Missed TensorFlow Dev Summit? Check out the video playlist. Watch recordings

tf_agents.bandits.environments.drifting_linear_environment.DriftingLinearDynamics

View source on GitHub

A drifting linear environment dynamics.

Inherits From: EnvironmentDynamics

tf_agents.bandits.environments.drifting_linear_environment.DriftingLinearDynamics(
    *args, **kwargs
)

This is a drifting linear environment which computes rewards as:

rewards(t) = observation(t) * observation_to_reward(t) + additive_reward(t)

where t is the environment time. observation_to_reward slowly rotates over time. The environment time is incremented in the base class after the reward is computed. The parameters observation_to_reward and additive_reward are updated at each time step. In order to preserve the norm of the observation_to_reward (and the range of values of the reward) the drift is applied in form of rotations, i.e.,

observation_to_reward(t) = R(theta(t)) * observation_to_reward(t - 1)

where theta is the angle of the rotation. The angle is sampled from a provided input distribution.

Args:

  • observation_distribution: A distribution from tfp.distributions with shape [batch_size, observation_dim] Note that the values of batch_size and observation_dim are deduced from the distribution.
  • observation_to_reward_distribution: A distribution from tfp.distributions with shape [observation_dim, num_actions]. The value observation_dim must match the second dimension of observation_distribution.
  • drift_distribution: A scalar distribution from tfp.distributions of type tf.float32. It represents the angle of rotation.
  • additive_reward_distribution: A distribution from tfp.distributions with shape [num_actions]. This models the non-contextual behavior of the bandit.

Attributes:

  • action_spec: Specification of the actions.
  • batch_size: Returns the batch size used for observations and rewards.
  • name: Returns the name of this module as passed or determined in the ctor.

    NOTE: This is not the same as the self.name_scope.name which includes parent module names.

  • name_scope: Returns a tf.name_scope instance for this class.
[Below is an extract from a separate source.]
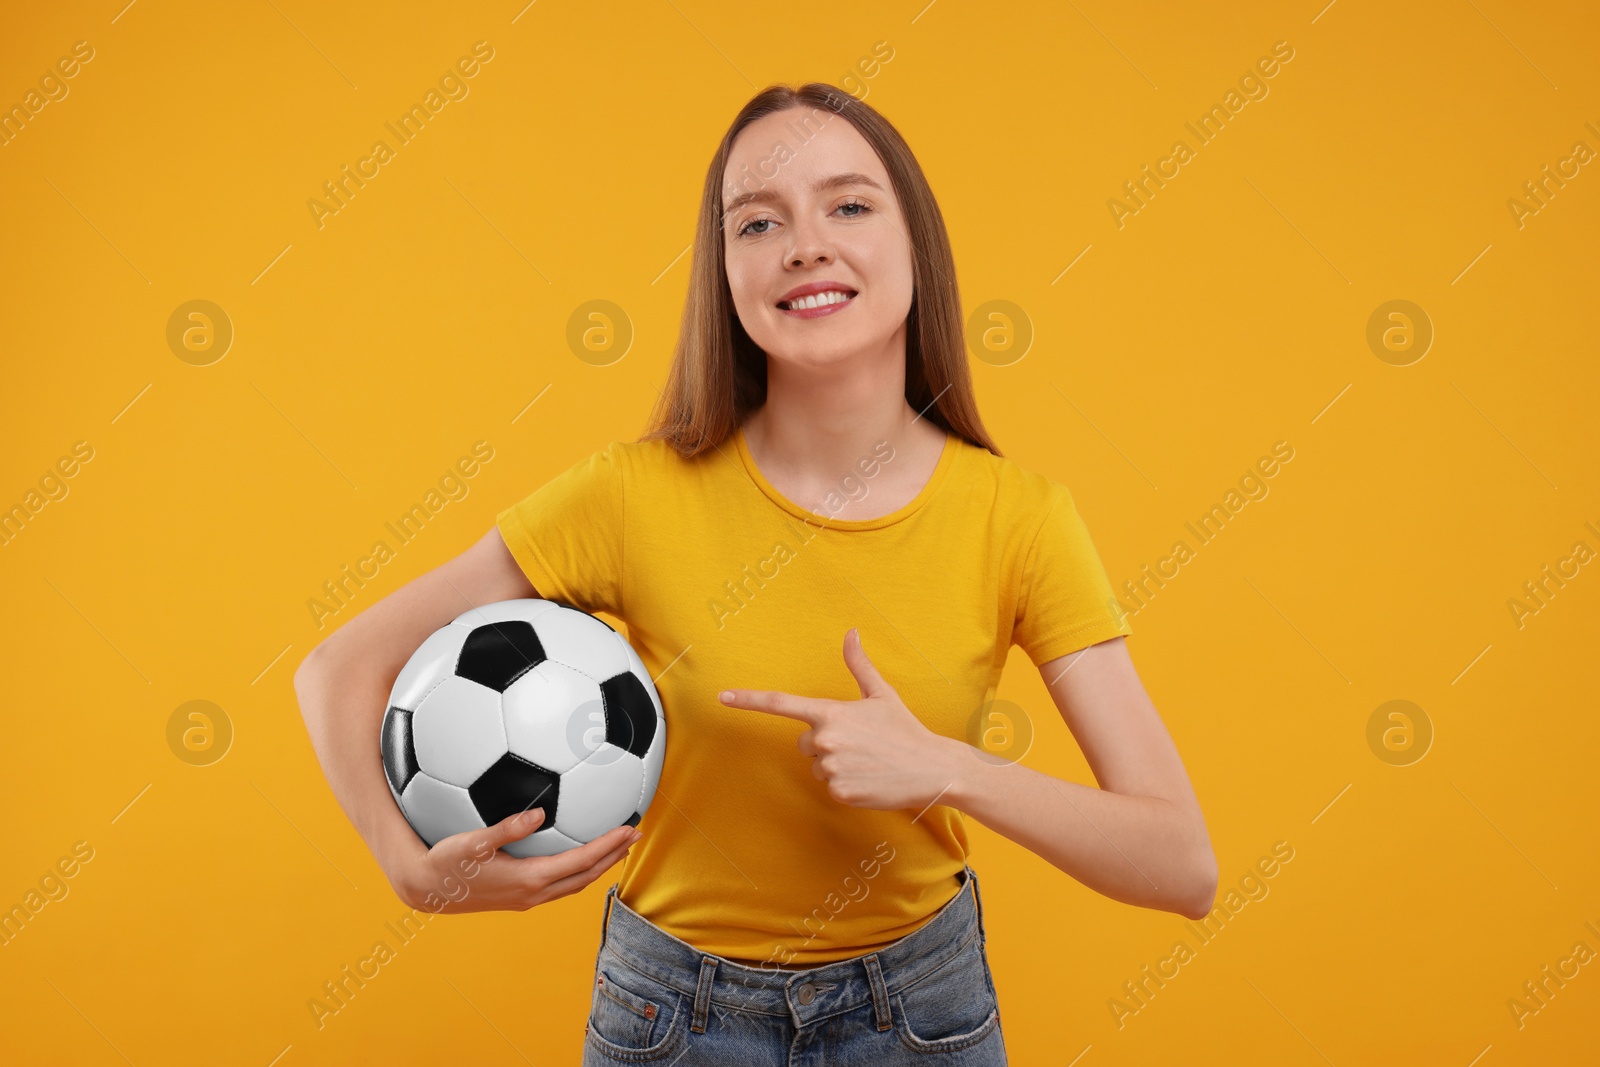 Photo of Happy sports fan with ball on yellow background

  • observation_spec: Specification of the observations.

  • submodules: Sequence of all sub-modules.

    Submodules are modules which are properties of this module, or found as properties of modules which are properties of this module (and so on).

a = tf.Module()
b = tf.Module()
c = tf.Module()
a.b = b
b.c = c
assert list(a.submodules) == [b, c]
assert list(b.submodules) == [c]
assert list(c.submodules) == []
  • trainable_variables: Sequence of trainable variables owned by this module and its submodules.

  • variables: Sequence of variables owned by this module and its submodules.

Methods

compute_optimal_action

compute_optimal_action(
    *args, **kwargs
)

compute_optimal_reward

compute_optimal_reward(
    *args, **kwargs
)

observation

View source

observation(
    unused_t
)

Returns an observation batch for the given time.

Args:

  • env_time: The scalar int64 tensor of the environment time step. This is incremented by the environment after the reward is computed.

Returns:

The observation batch with spec according to observation_spec.

reward

View source

reward(
    observation, t
)

Reward for the given observation and time step.

Args:

  • observation: A batch of observations with spec according to observation_spec.
  • env_time: The scalar int64 tensor of the environment time step. This is incremented by the environment after the reward is computed.

Returns:

A batch of rewards with spec shape [batch_size, num_actions] containing rewards for all arms.

with_name_scope

@classmethod
with_name_scope(
    cls, method
)

Decorator to automatically enter the module name scope.

class MyModule(tf.Module):
  @tf.Module.with_name_scope
  def __call__(self, x):
    if not hasattr(self, 'w'):
      self.w = tf.Variable(tf.random.normal([x.shape[1], 64]))
    return tf.matmul(x, self.w)

Using the above module would produce tf.Variables and tf.Tensors whose names included the module name:

mod = MyModule()
mod(tf.ones([8, 32]))
# ==> <tf.Tensor: ...>
mod.w
# ==> <tf.Variable ...'my_module/w:0'>

Args:

  • method: The method to wrap.

Returns:

The original method wrapped such that it enters the module's name scope.